- **What to work on**
Each line of data below must be printed exactly as written, with any pictures removed.

- **Input data**
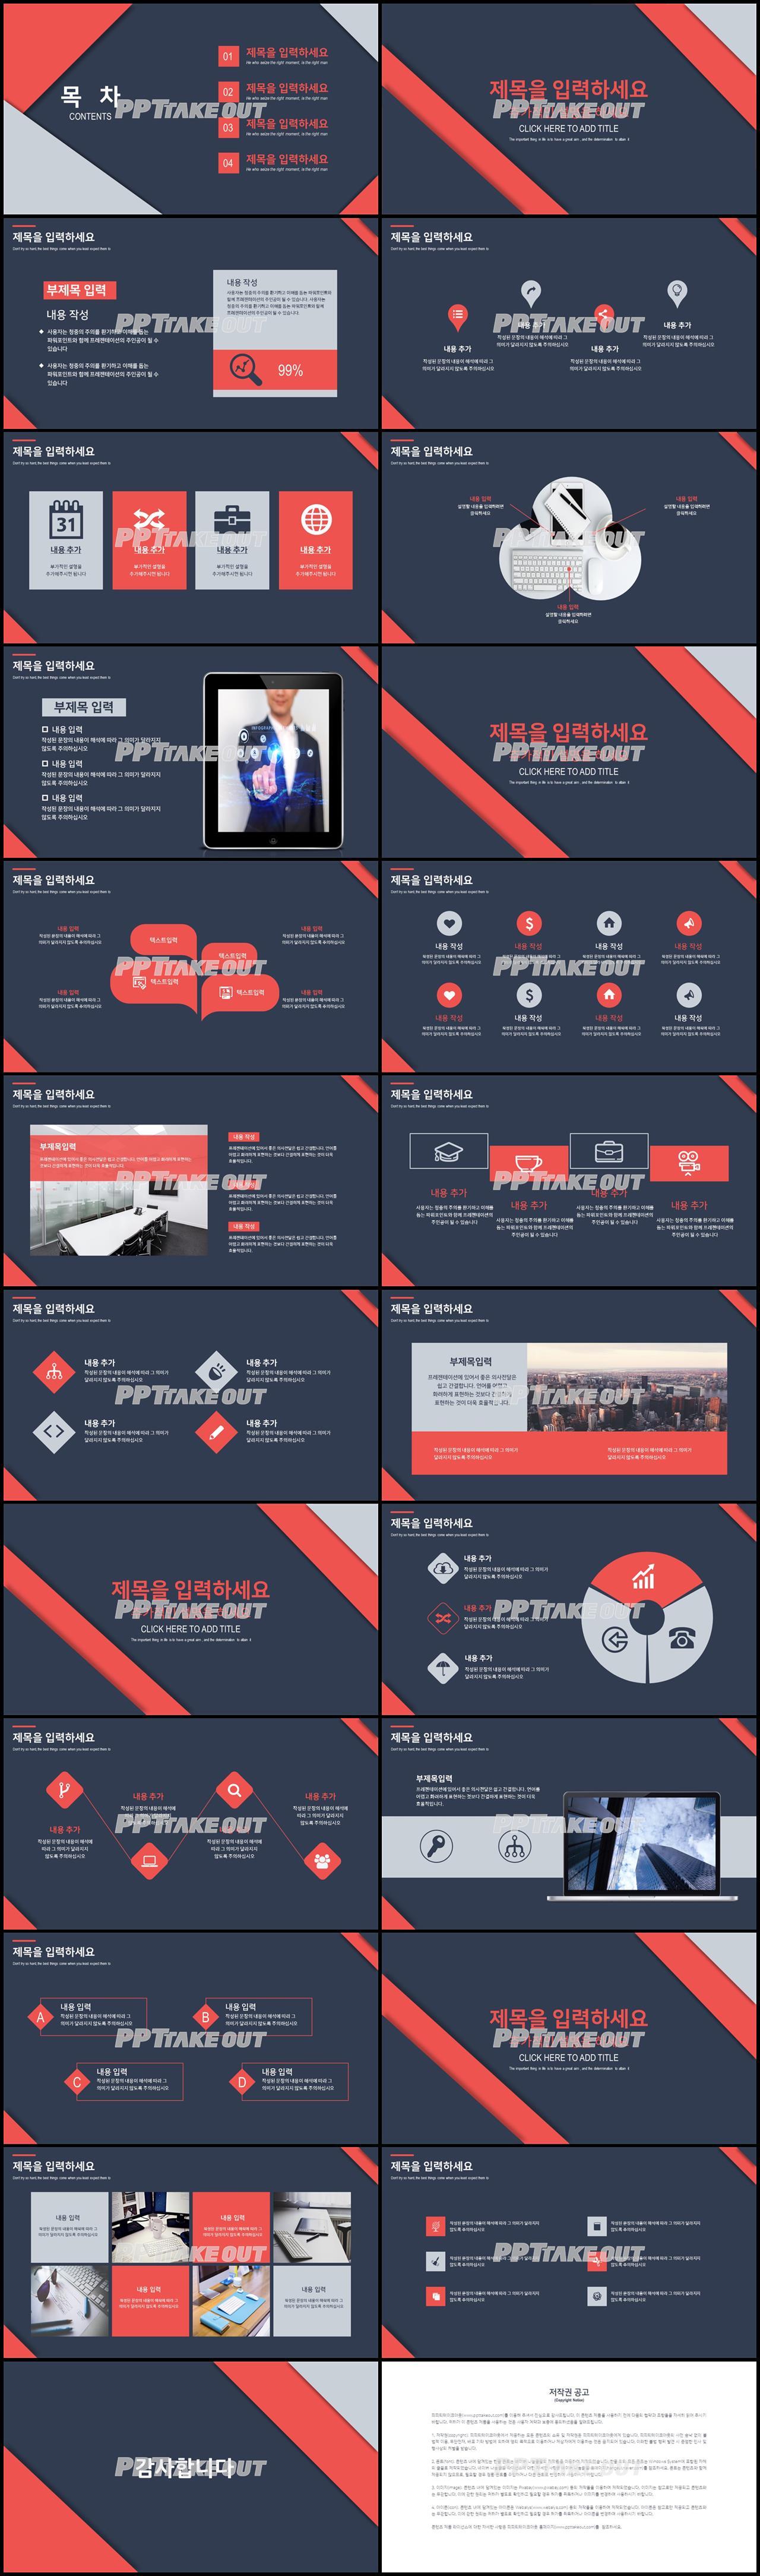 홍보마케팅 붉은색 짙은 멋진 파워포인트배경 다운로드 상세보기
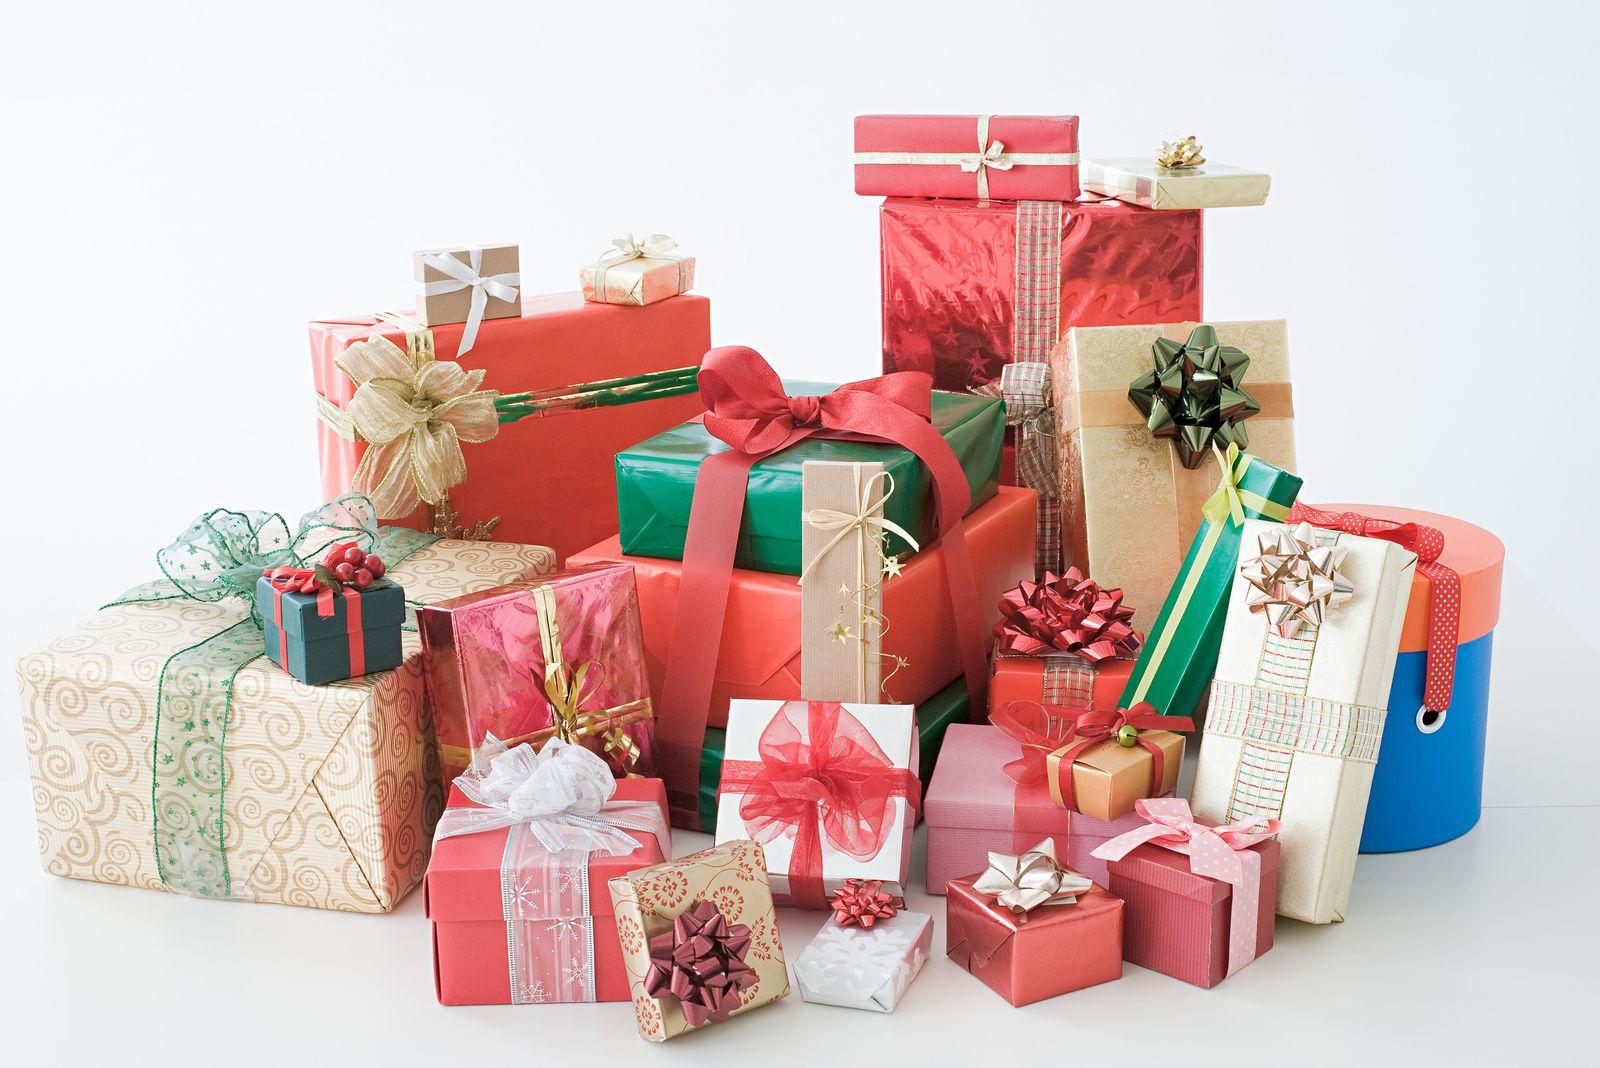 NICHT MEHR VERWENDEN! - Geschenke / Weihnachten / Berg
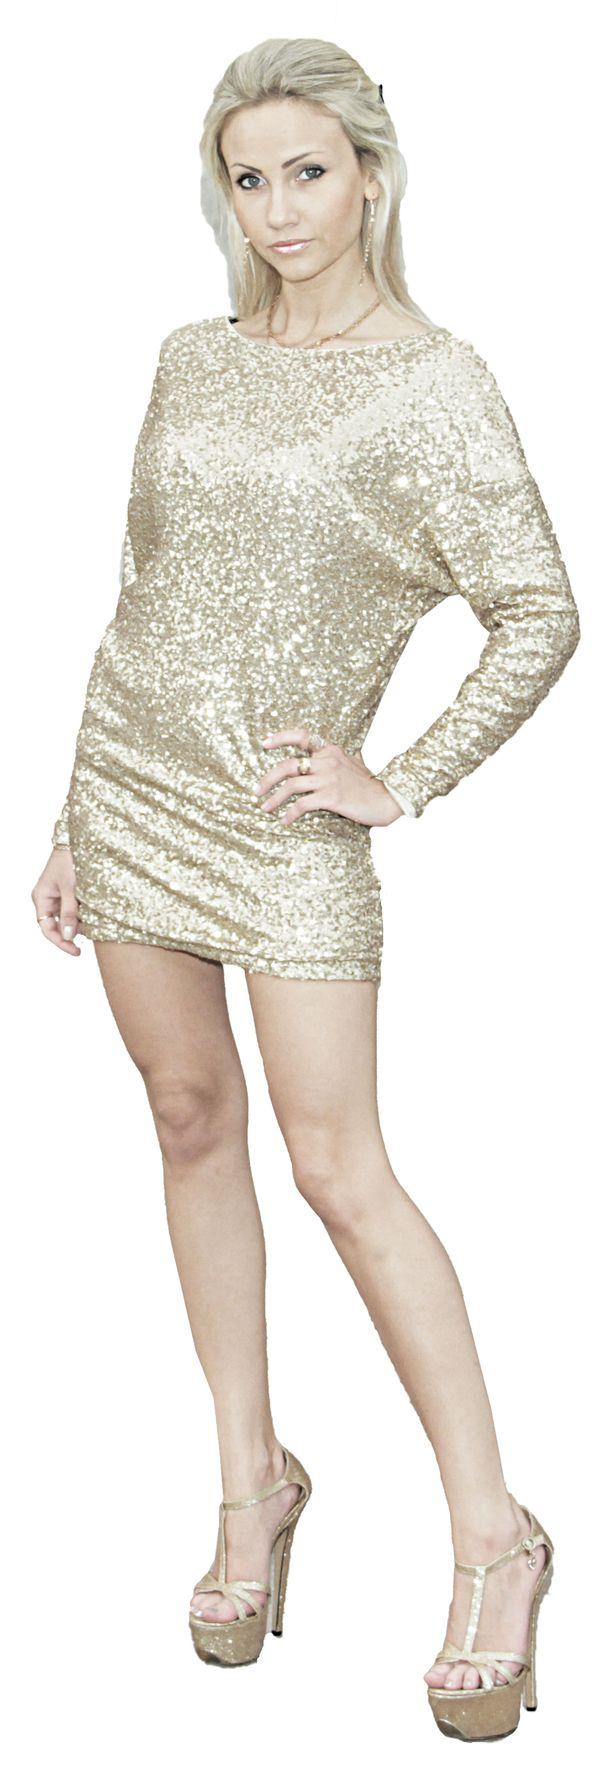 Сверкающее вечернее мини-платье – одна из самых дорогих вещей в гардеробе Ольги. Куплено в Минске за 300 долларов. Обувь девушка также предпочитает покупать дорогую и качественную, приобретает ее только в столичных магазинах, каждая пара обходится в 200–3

- **Solution**
 홍보마케팅 붉은색 짙은 멋진 파워포인트배경 다운로드 상세보기
 NICHT MEHR VERWENDEN! - Geschenke / Weihnachten / Berg
 Сверкающее вечернее мини-платье – одна из самых дорогих вещей в гардеробе Ольги. Куплено в Минске за 300 долларов. Обувь девушка также предпочитает покупать дорогую и качественную, приобретает ее только в столичных магазинах, каждая пара обходится в 200–3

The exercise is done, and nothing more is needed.